Можно ли более неукоснительно соблюдать супружеские обязанности?
Выполнив свой долг, Михай поспешил... но не домой, а в Вену. Там он скупил оборудование для целой столярно-плотницкой мастерской, велел упаковать его в ящики и доставить в Панчево.
Теперь оставалось придумать какой-нибудь ловкий предлог, чтобы переправить инструменты на 'ничейный остров'.
Ему и без того приходилось соблюдать осторожность. Рыбаки на левом берегу Дуная не раз видели. Как он отплывал на лодке по направлению к Острове и лишь долгие месяцы спустя возвращался обратно, и, наверное, давно гадают между собой: кто этот человек и чего ради повадился ездить на остров?
Когда груз прибыл в Панчево, Михай на повозках переправил его в тополиные заросли на берегу Дуная, а затем созвал рыбаков и попросил их доставить ящики на пустынный остров. В ящиках, мол, оружие.
Достаточно было одного этого слова, чтобы тайна его оказалась погребенной навеки. Теперь он мог как угодно часто переплывать на остров и обратно, днем и при лунном свете - люди не перешептывались на его счет.

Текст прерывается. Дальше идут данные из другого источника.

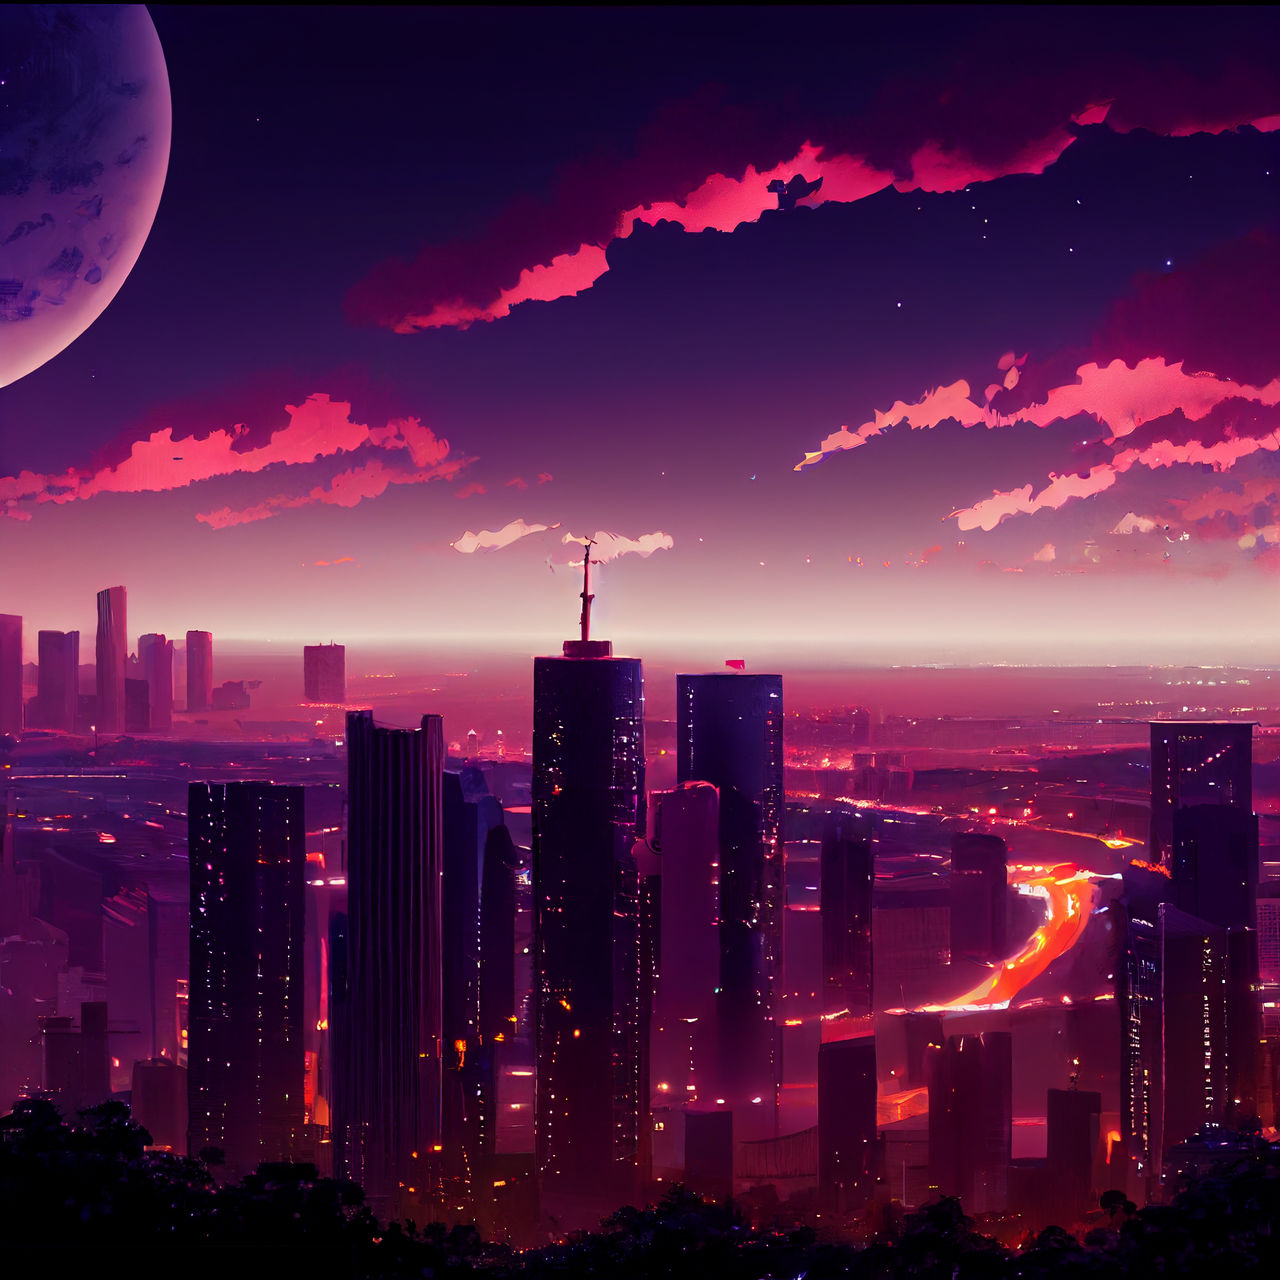 Night Cityscape by sugoidigi on DeviantArt

Все знали, что он - агент сербских и черногорских борцов за свободу, и не выдали бы его даже под пыткой. Теперь его имя для местных жителей было свято.
Чтобы напустить вокруг себя тумана, Тимар вынужден был обманывать каждого, с кем доводилось перемолвиться хоть словом.

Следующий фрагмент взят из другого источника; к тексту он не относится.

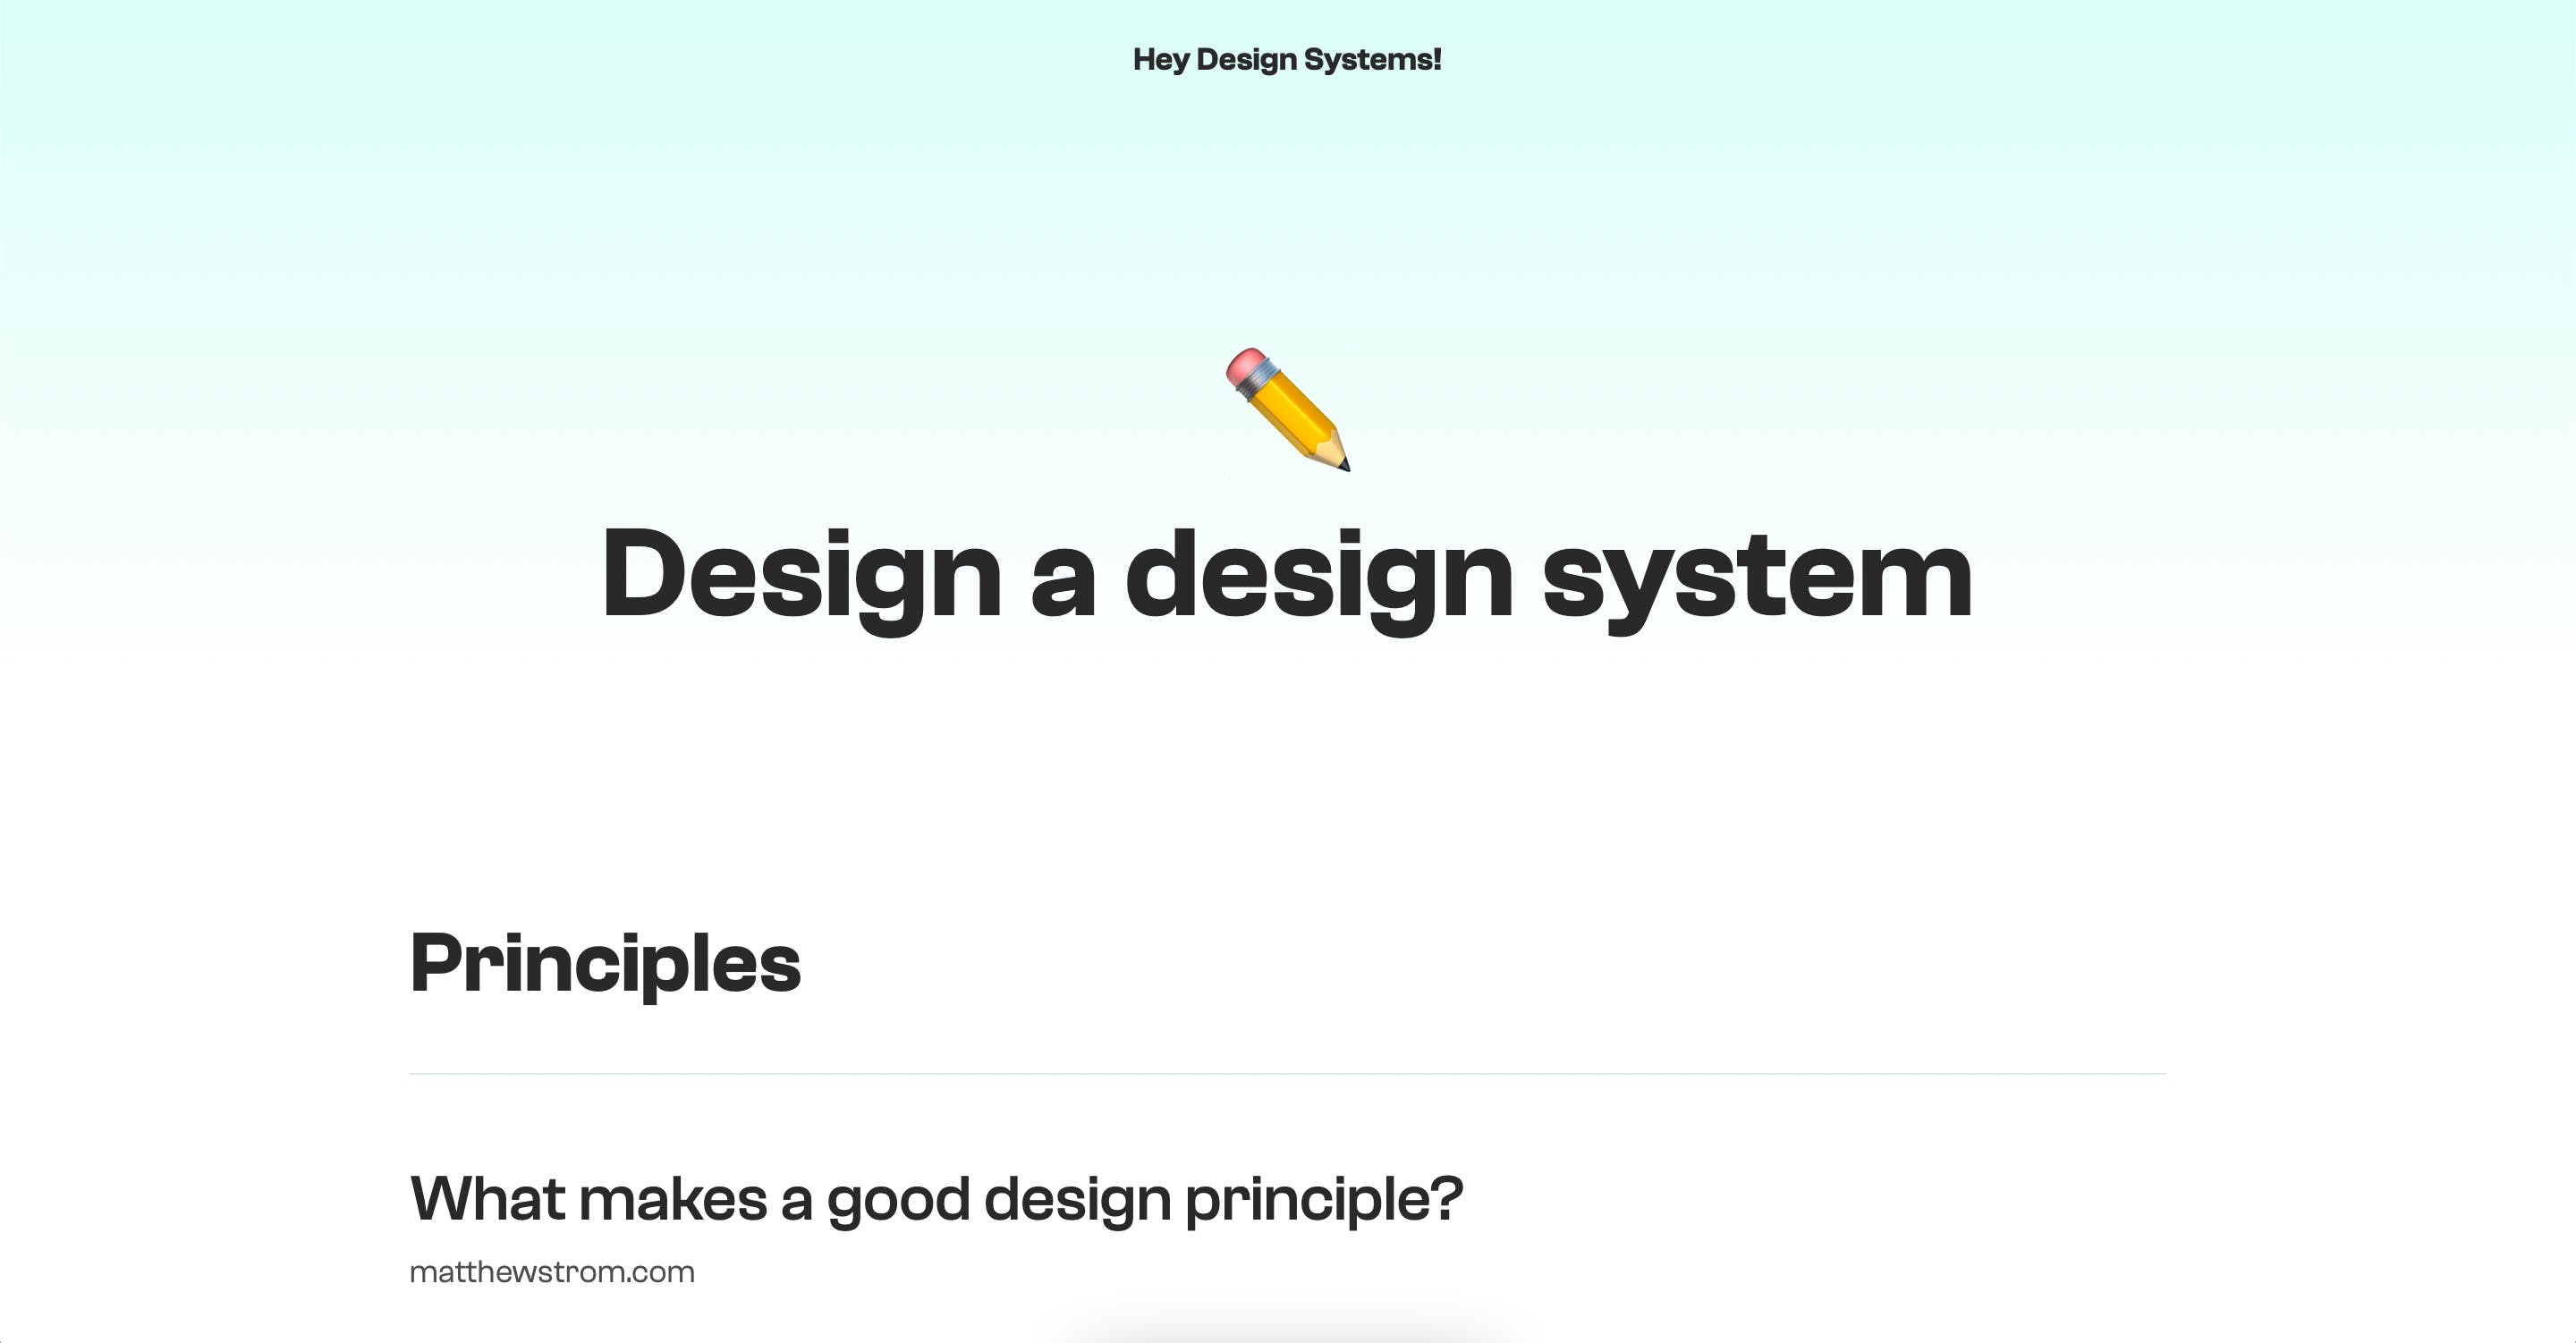 Hey Design Systems media 3

Ночью рыбаки - с ними были и Михай - переправили груз на остров. Причалив к берегу, они с полным знанием дела отыскали подходящее место под береговым обрывом, где кустарник разросся особенно густо, и перенесли туда ящики. Когда же Михай пожелал с ними расплатиться, наотрез отказались от денег. Пожали ему руку и распрощались.

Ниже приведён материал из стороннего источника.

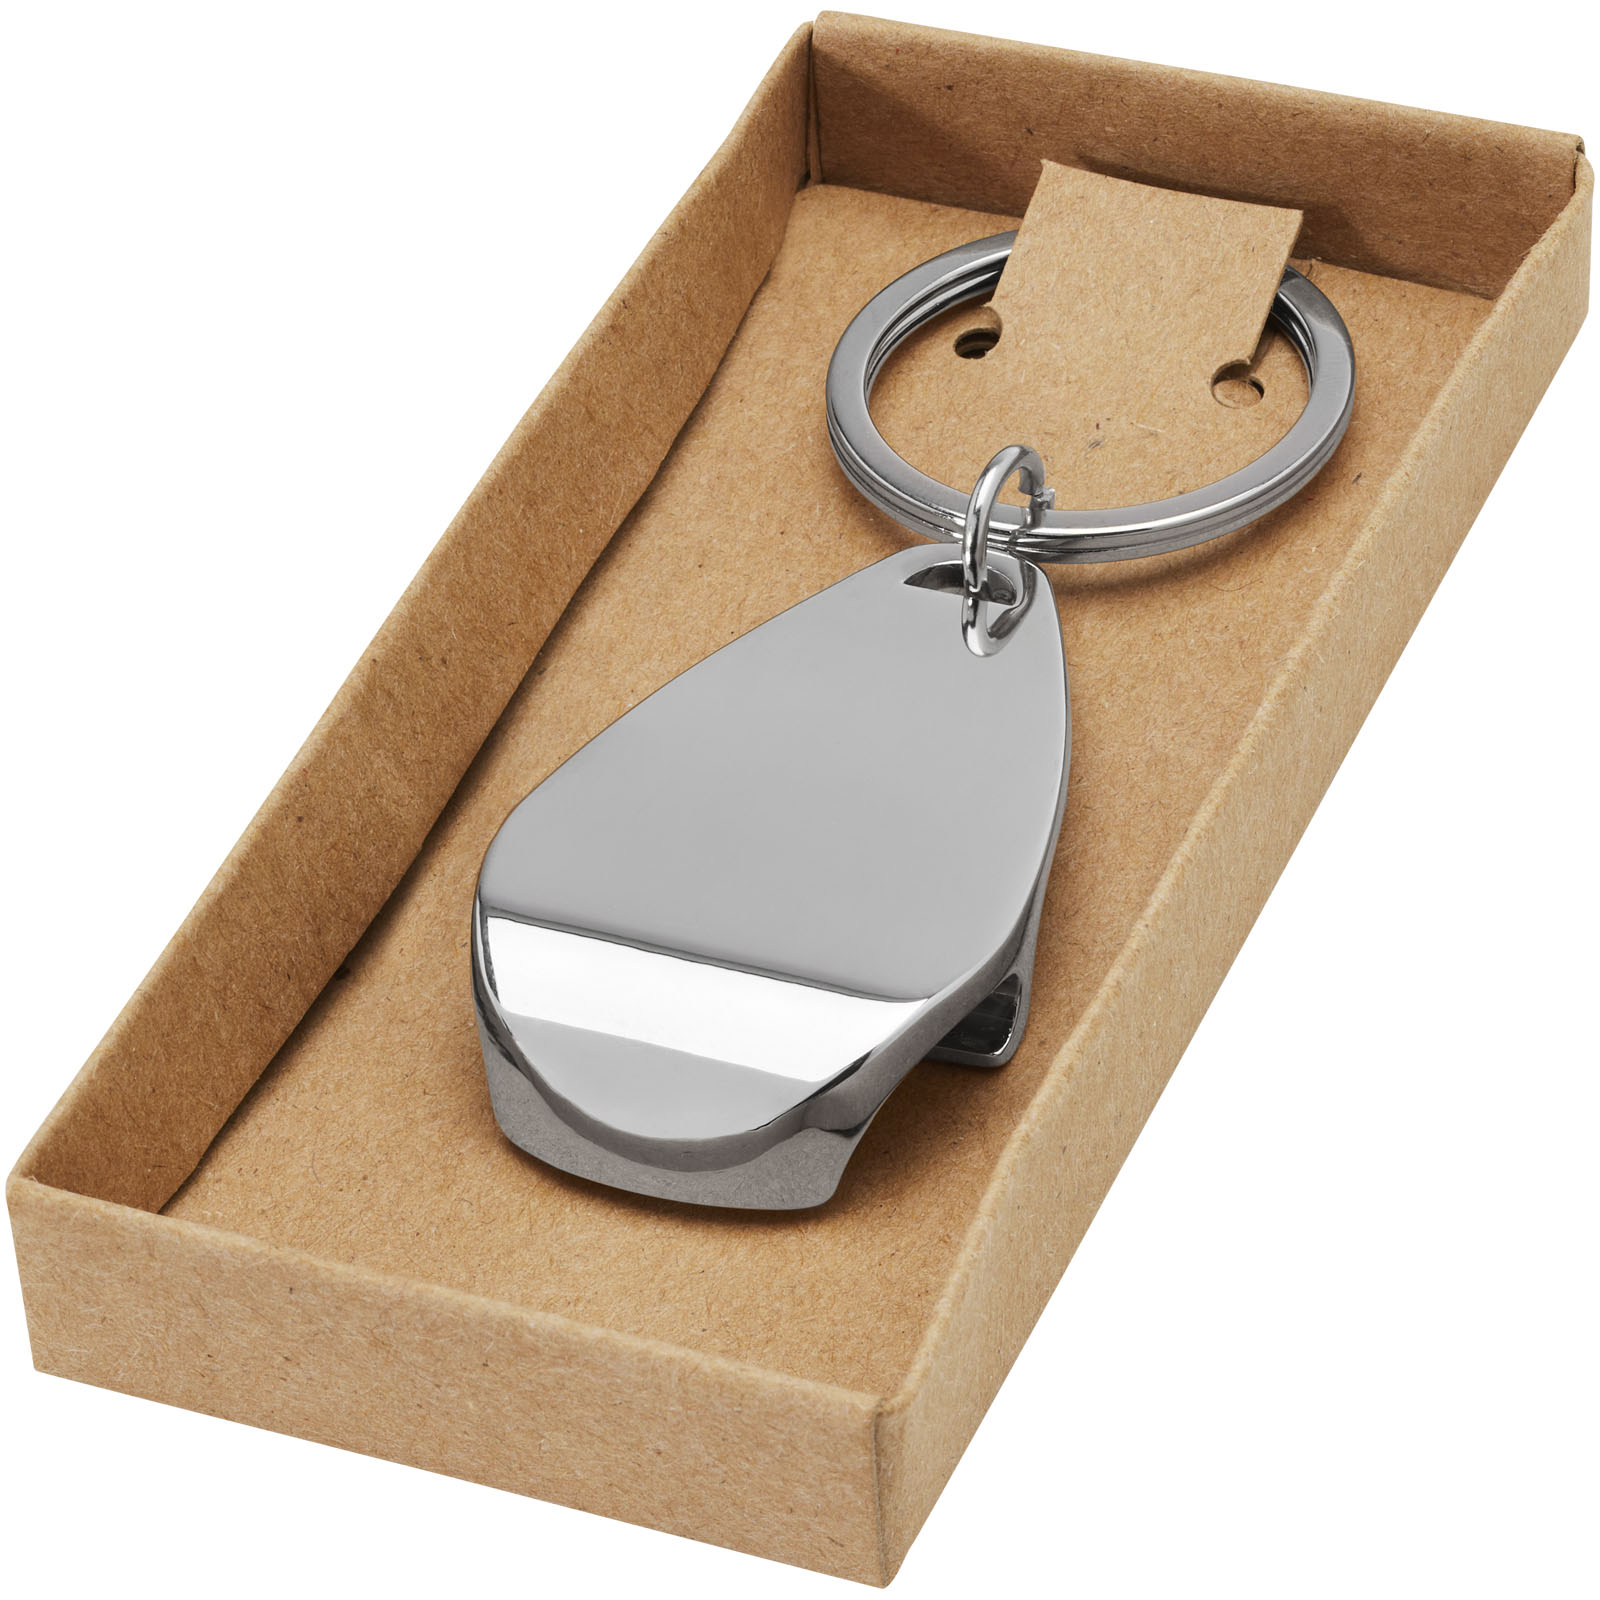 Bottle Openers & Accessories - Don bottle opener keychain

Рыбаки уплыли, Михай остался на острове.
Ночь была лунная, заливался трелями соловей.
Михай пошел вдоль берега, чтобы отыскать ведущую к дому тропинку. По пути он набрел на свою плотницкую мастерскую, где осенью оставил работу прерванной. Отделанные резьбою бревна были тщательно укрыты связками камыша, чтобы сырость их не попортила.
Отсюда дорога вела через розовый сад. Розы давно отцвели, Михай тем временем обживал свой моношторский павильон, а позднее развлекался на морском курорте с женою. В этом году он опоздал к сбору урожая роз, а его наверняка ждали с замиранием сердца. Но ведь прежде он должен был замести следы.
На цыпочках приблизился Михай к жилищу островитянок. Вокруг - ни шороха, ни шума, и он счел это добрым знаком. Альмира не лает, так как спит в кухне, а ее молчание, в свою очередь, означает, что она боится разбудить спящего ребенка. Выходит, все в доме живы - здоровы.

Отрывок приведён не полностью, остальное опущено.